The URL has two important parameters, p and t. The first seems to identify a server, while the second identifies the actual file. The direct download link is made by plugging these values into this URL:
https://p[p]-ubiquityws.icloud.com/ws/file/[t]
Looking at your example:
https://www.icloud.com/documents/dl/?p=3&t=BAKsXkcDP-p8sdTS8NgBLWRQxE281oe4hogA
p is 3, and t is BAKsXkcDP-p8sdTS8NgBLWRQxE281oe4hogA. So your direct download link would be
https://p3-ubiquityws.icloud.com/ws/file/BAKsXkcDP-p8sdTS8NgBLWRQxE281oe4hogA
Whenever I've published a link to iCloud, p has been 01; so it's possible that you might need to zero-pad your value in which case your URL would be
https://p03-ubiquityws.icloud.com/ws/file/BAKsXkcDP-p8sdTS8NgBLWRQxE281oe4hogA
It would be great to know whether that's necessary.

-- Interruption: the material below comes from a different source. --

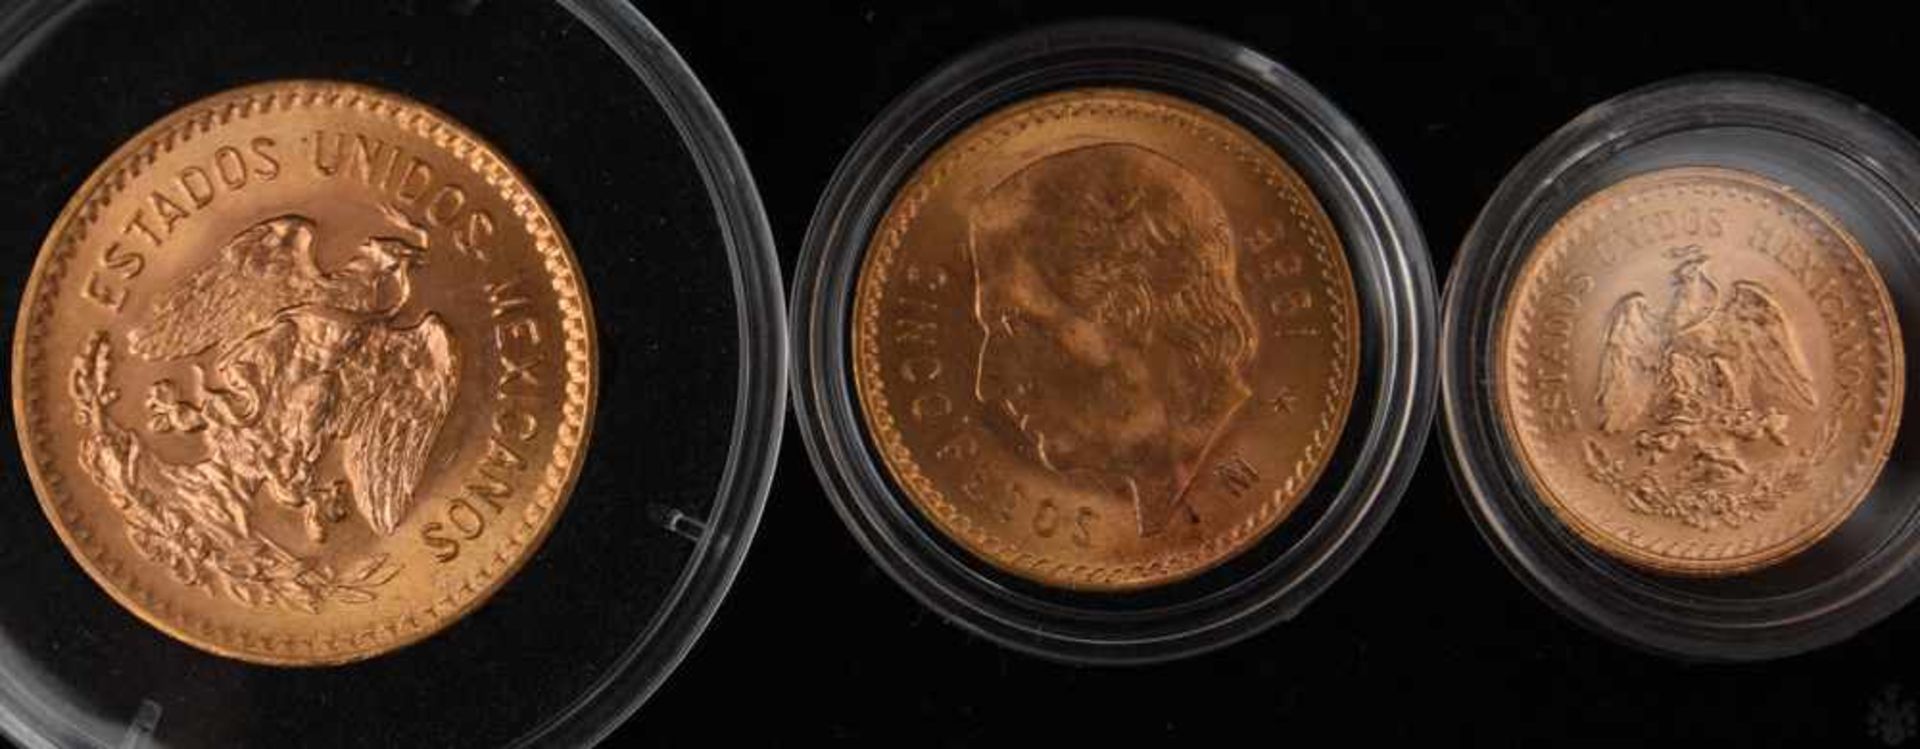 GOLDMÜNZEN, Konvolut Mexico Pesos Gold, 20. Jhd. (11)7 Münzen Mexico1 x 50 Pesos Centenario 41,667 - Bild 8 aus 9

In iCloud Drive / iOS8 the links are different, but you can still get a direct link to the files.
Original link:
https://www.icloud.com/attachment?u=https%3A%2F%2Fms-eu-ams-103-prod.digitalhub.com%2FB%2FATmkKK8ju8SRwQqDoEFKJzbRsxiuAXQ3PBcJBXw1Qot9jz68TkqjiiNu%2F%24%7Bf%7D%3Fo%3DAtenENR8OcvlNq6JMa331mr-8gCreXxwcfgQ26B5gFKo%26v%3D1%26x%3D3%26a%3DBclucinSeKmFAy2GJg%26e%3D1413787013%26k%3D%24%7Buk%7D%26r%3D567CC38A-FD1B-4DE6-B11B-4166A5669E1B-1%26z%3Dhttps%253A%252F%252Fp03-content.icloud.com%253A443%26s%3DlO5SolOouS9qhYz1oIxKDoGtMpo%26hs%3DovfPXj3b9XXz9lWKChBmyNq_cug&uk=OXDCcLTETbvUcOKdJ-vTdQ&f=Testdatei.vrphoto&sz=1212622
URL decoded to be more readable:
https://www.icloud.com/attachment?u=https://ms-eu-ams-103-prod.digitalhub.com/B/ATmkKK8ju8SRwQqDoEFKJzbRsxiuAXQ3PBcJBXw1Qot9jz68TkqjiiNu/${f}?o=AtenENR8OcvlNq6JMa331mr-8gCreXxwcfgQ26B5gFKo&v=1&x=3&a=BclucinSeKmFAy2GJg&e=1413787013&k=${uk}&r=567CC38A-FD1B-4DE6-B11B-4166A5669E1B-1&z=https%3A%2F%2Fp03-content.icloud.com%3A443&s=lO5SolOouS9qhYz1oIxKDoGtMpo&hs=ovfPXj3b9XXz9lWKChBmyNq_cug&uk=OXDCcLTETbvUcOKdJ-vTdQ&f=Testdatei.vrphoto&sz=1212622
Save the text between '?u=' and '&uk=' as a NSMutableString
Save the information after 'uk=' and 'f=' as NSStrings
In the first string replace the text '${f}' with the 'f=' string and replace the text '${uk}' whith the 'uk=' string
If you need the files size for any reason, it's the number after 'sz=', but this is not needed for the final link
Voila, here is your direct link to the file:
https://ms-eu-ams-103-prod.digitalhub.com/B/ATmkKK8ju8SRwQqDoEFKJzbRsxiuAXQ3PBcJBXw1Qot9jz68TkqjiiNu/Testdatei.vrphoto?o=AtenENR8OcvlNq6JMa331mr-8gCreXxwcfgQ26B5gFKo&v=1&x=3&a=BclucinSeKmFAy2GJg&e=1413787013&k=OXDCcLTETbvUcOKdJ-vTdQ&r=567CC38A-FD1B-4DE6-B11B-4166A5669E1B-1&z=https%3A%2F%2Fp03-content.icloud.com%3A443&s=lO5SolOouS9qhYz1oIxKDoGtMpo&hs=ovfPXj3b9XXz9lWKChBmyNq_cug
It looks like the heavy lifting is done by the file referenced there:
https://www.icloud.com/applications/documents/download/en-us/1FCS22.32292/javascript-packed.js
I'd start there looking for the file name etc.